## The data
========

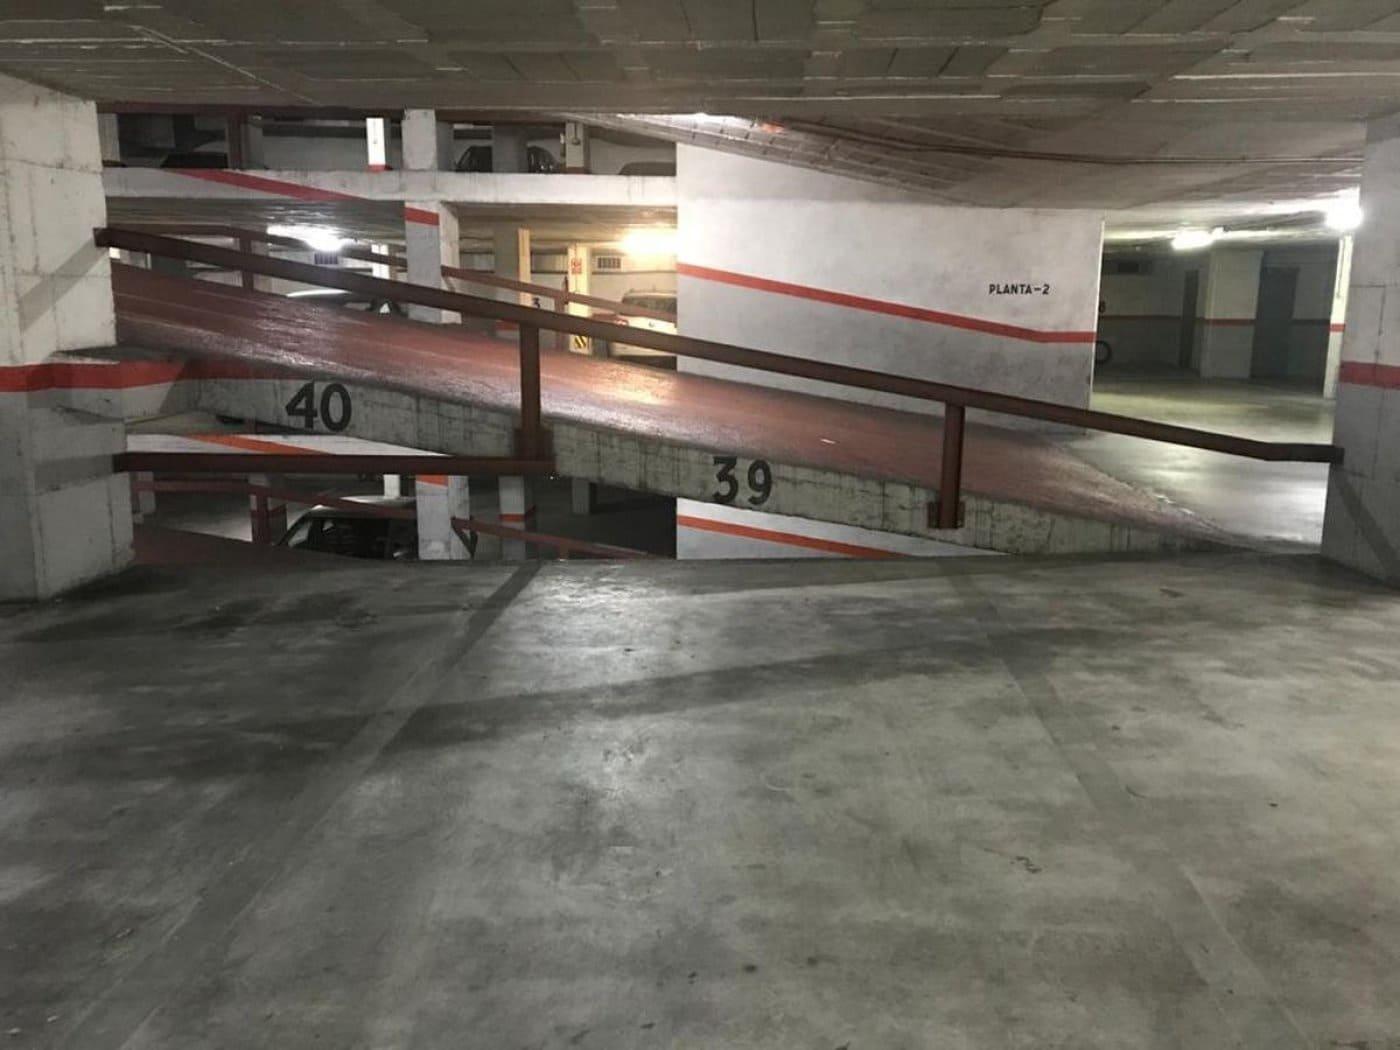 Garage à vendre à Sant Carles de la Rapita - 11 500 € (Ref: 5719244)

========

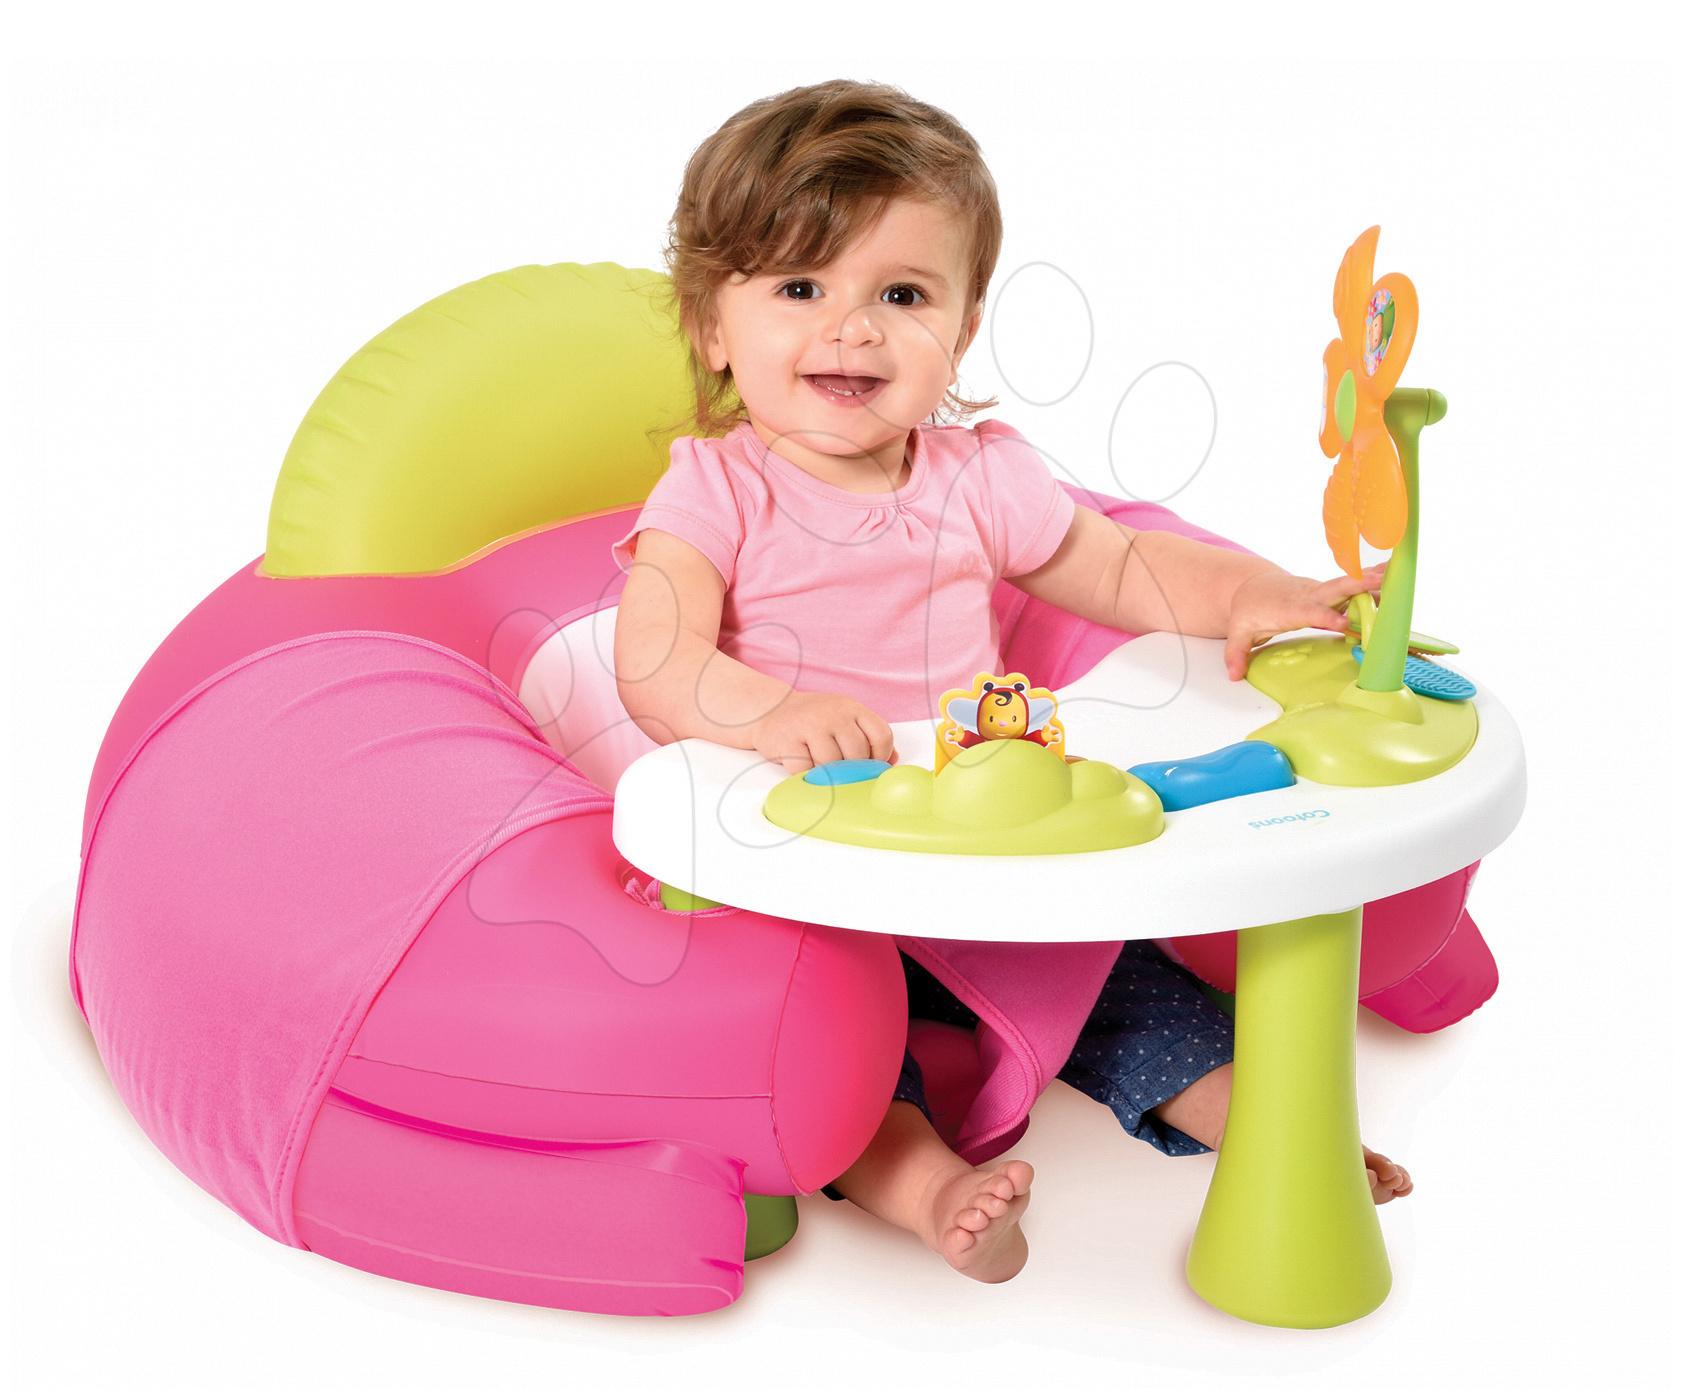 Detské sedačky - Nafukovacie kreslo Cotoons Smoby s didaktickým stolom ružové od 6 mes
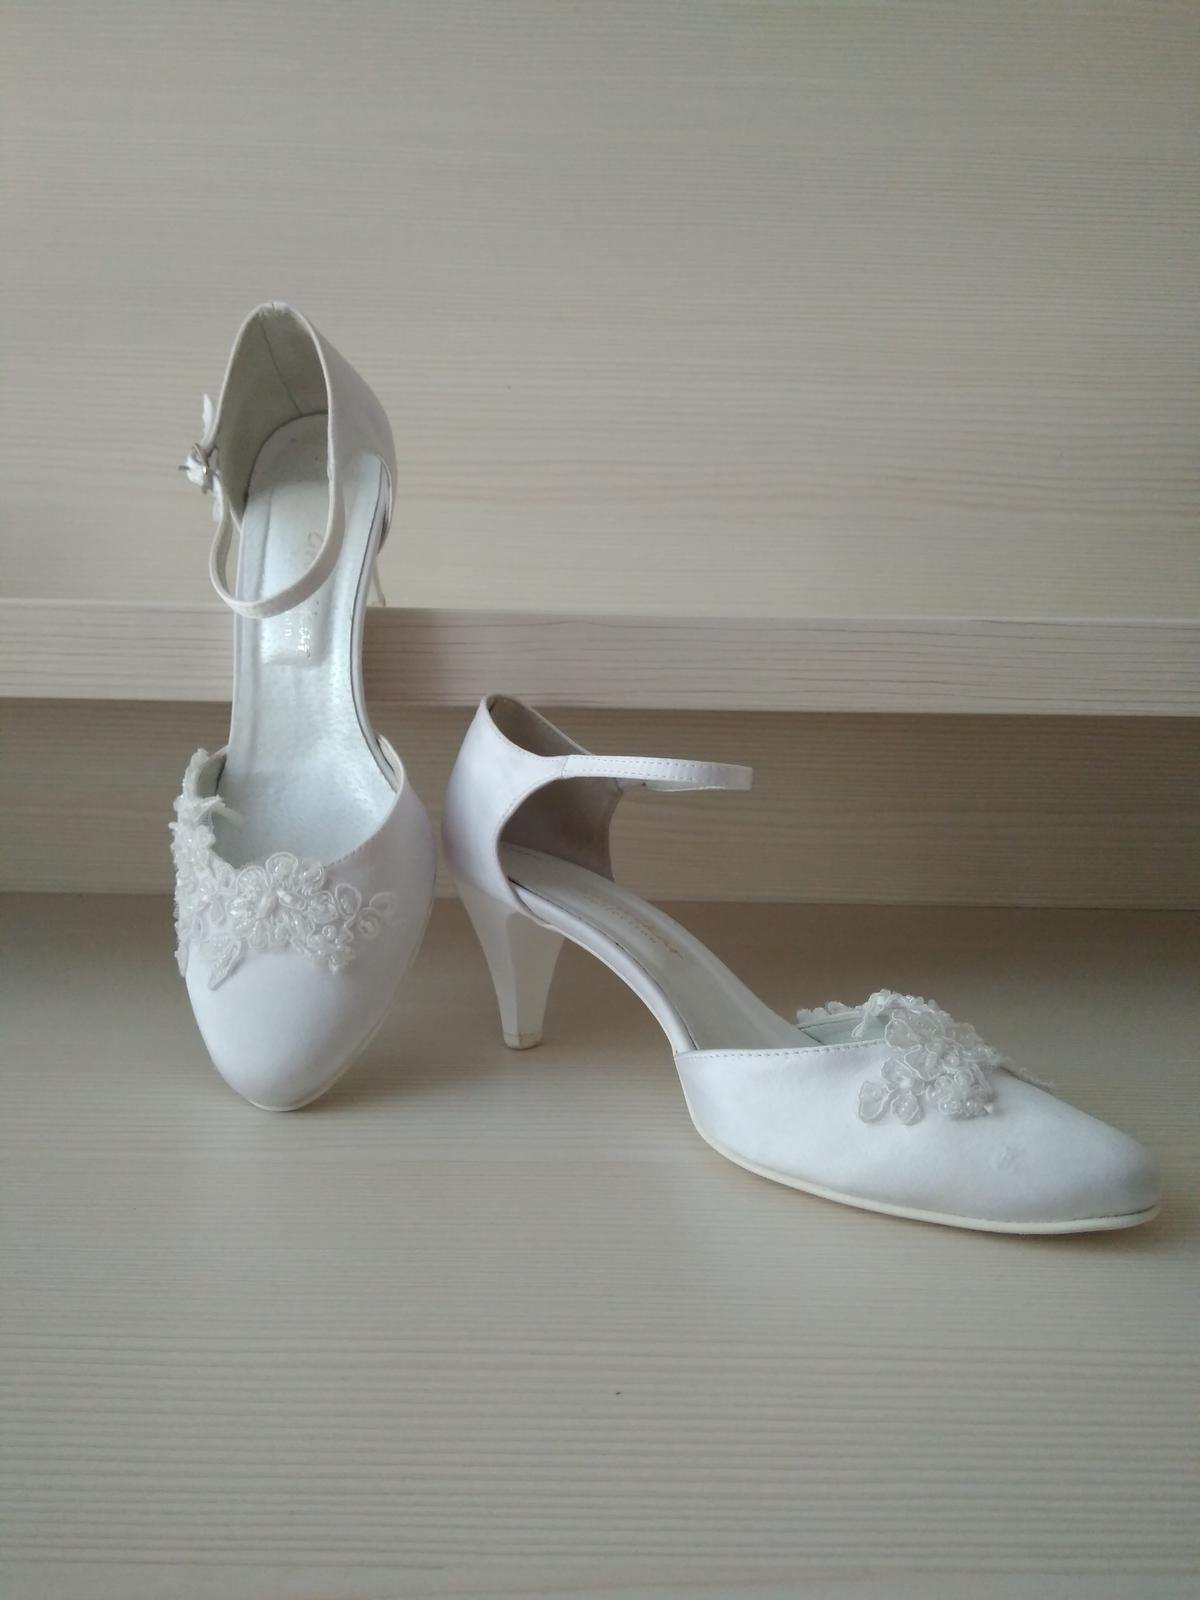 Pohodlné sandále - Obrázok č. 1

========

## Requirement
What is wanted is an exact copy of the lines above from the one containing "Detské sedačky - Nafukovacie" through the one containing "Pohodlné sandále - Obrázok č. 1", with no pictures in it.

## Written answer
 Detské sedačky - Nafukovacie kreslo Cotoons Smoby s didaktickým stolom ružové od 6 mes
 Pohodlné sandále - Obrázok č. 1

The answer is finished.